→ **Directions for this task**: Exact copy, no pictures: every line from the one that contains "2500MW 65x50cm Laser" through the end of the data below, and nothing else.

→ **Available data**:
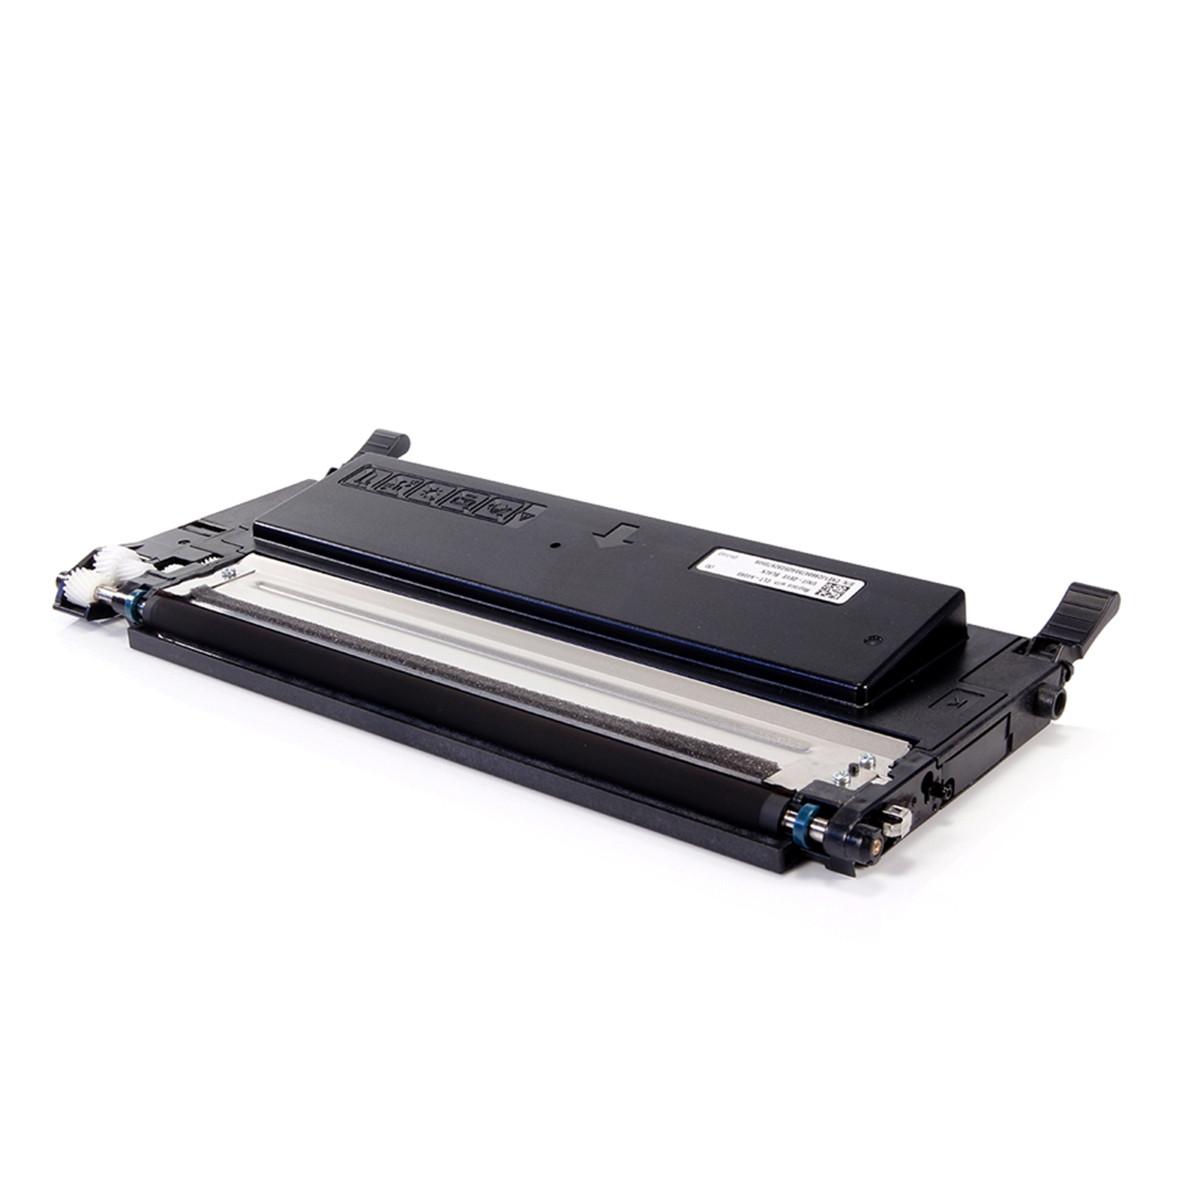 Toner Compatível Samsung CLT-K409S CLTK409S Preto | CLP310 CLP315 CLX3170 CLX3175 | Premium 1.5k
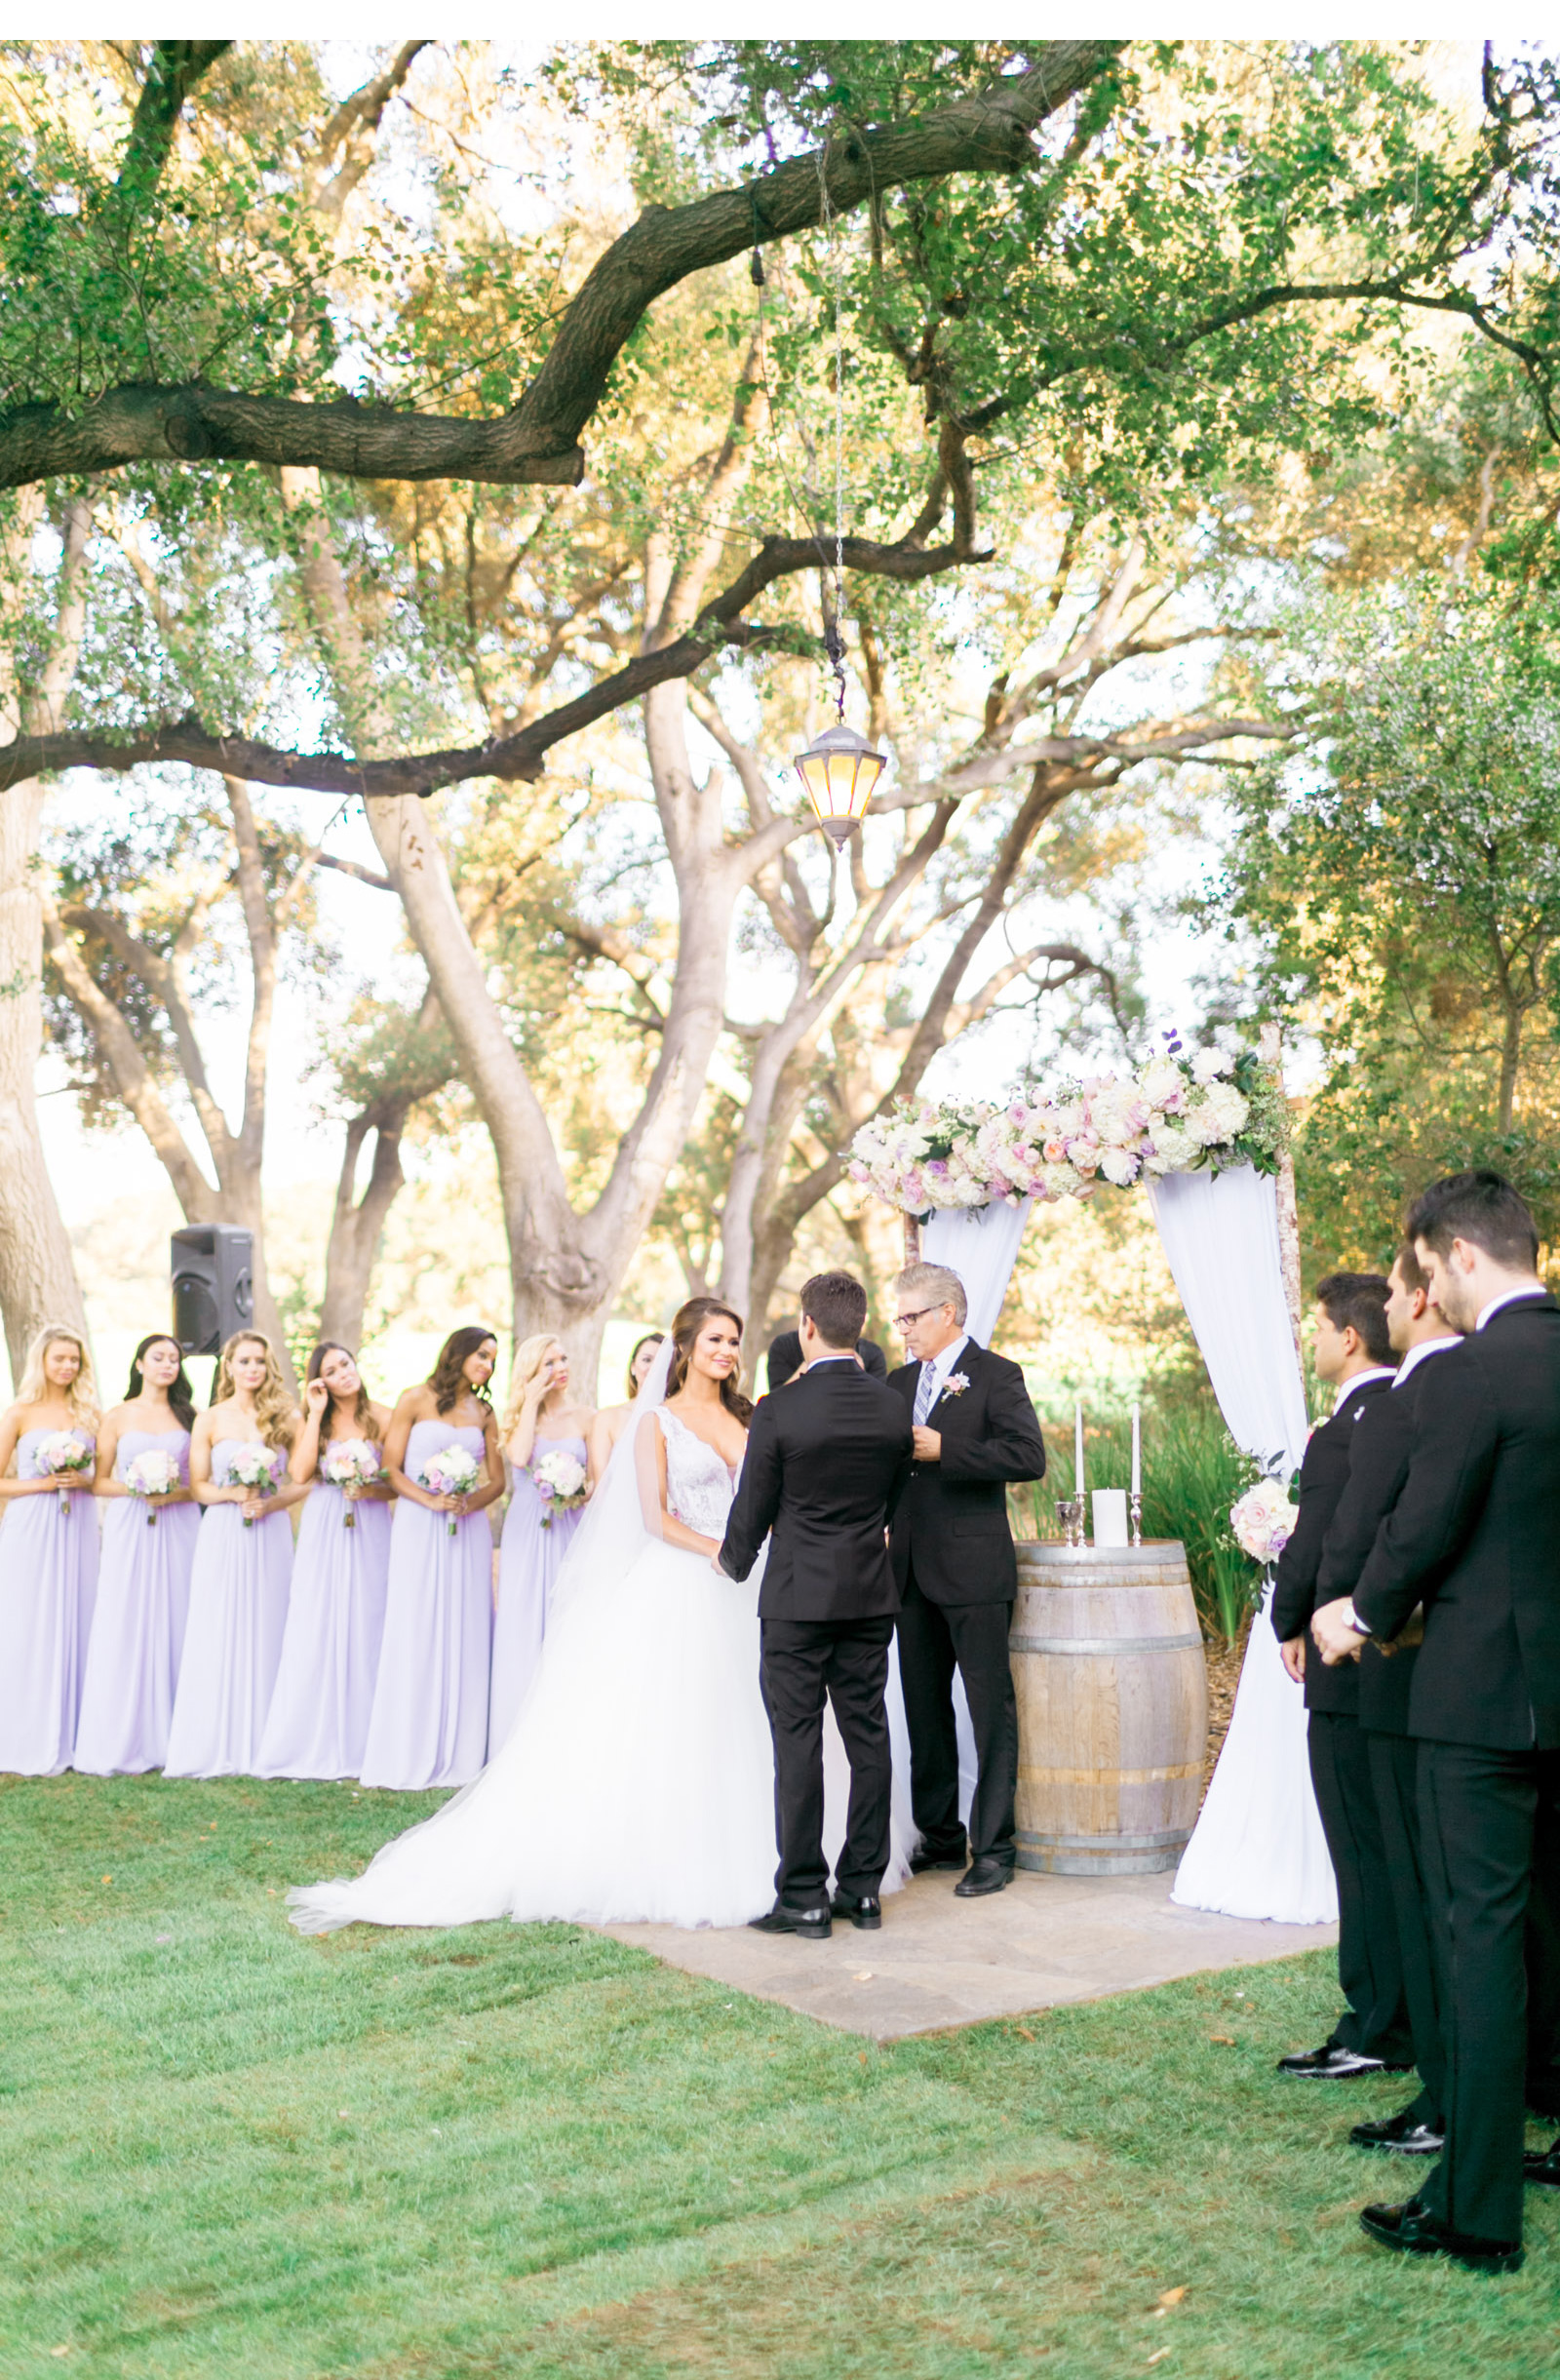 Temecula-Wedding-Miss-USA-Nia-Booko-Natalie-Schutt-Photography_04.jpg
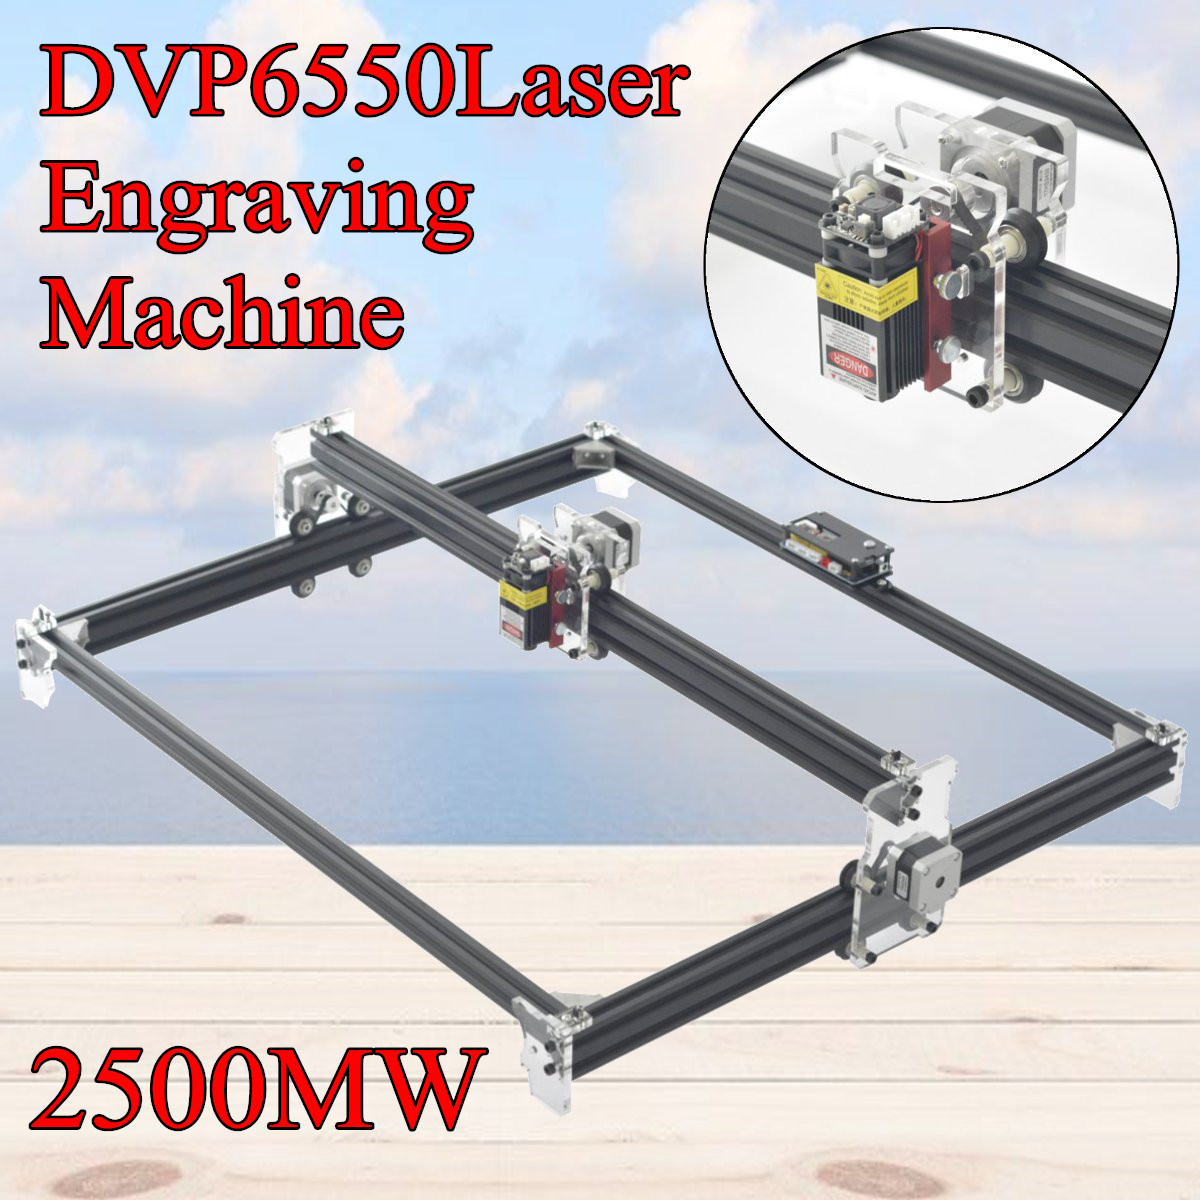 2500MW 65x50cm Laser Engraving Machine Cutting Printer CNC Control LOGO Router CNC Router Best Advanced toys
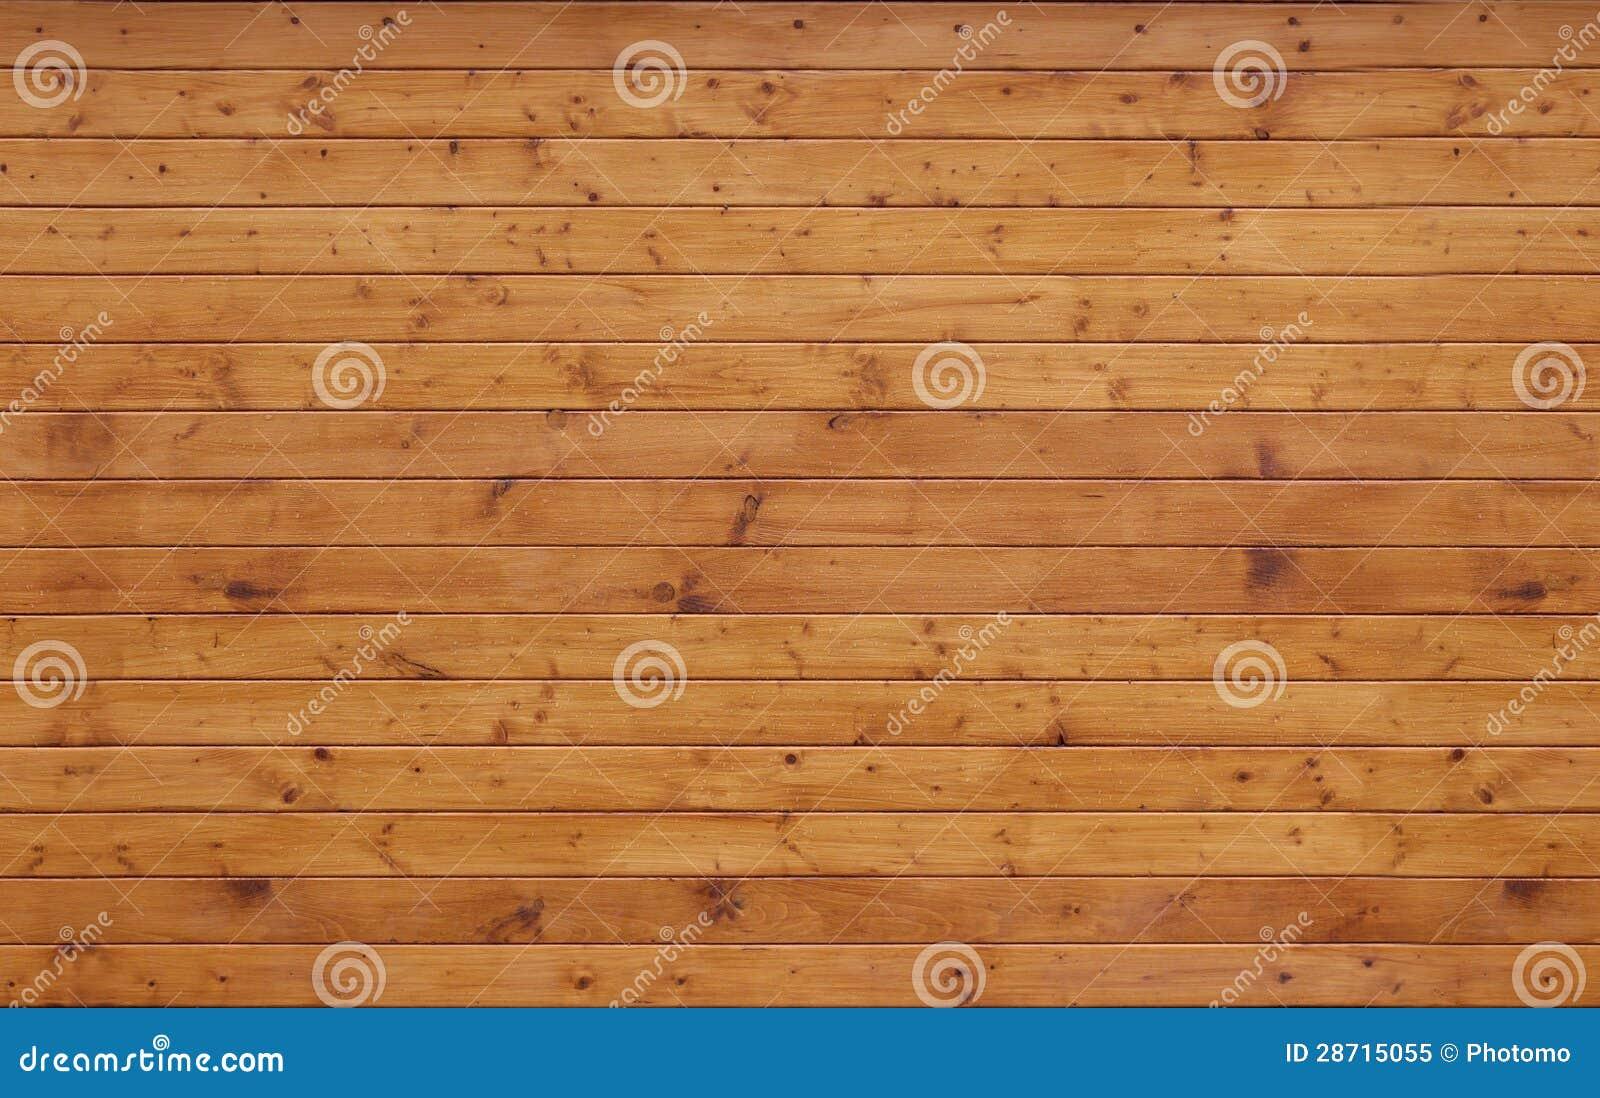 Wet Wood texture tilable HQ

→ **Expected output**:
 2500MW 65x50cm Laser Engraving Machine Cutting Printer CNC Control LOGO Router CNC Router Best Advanced toys
 Wet Wood texture tilable HQ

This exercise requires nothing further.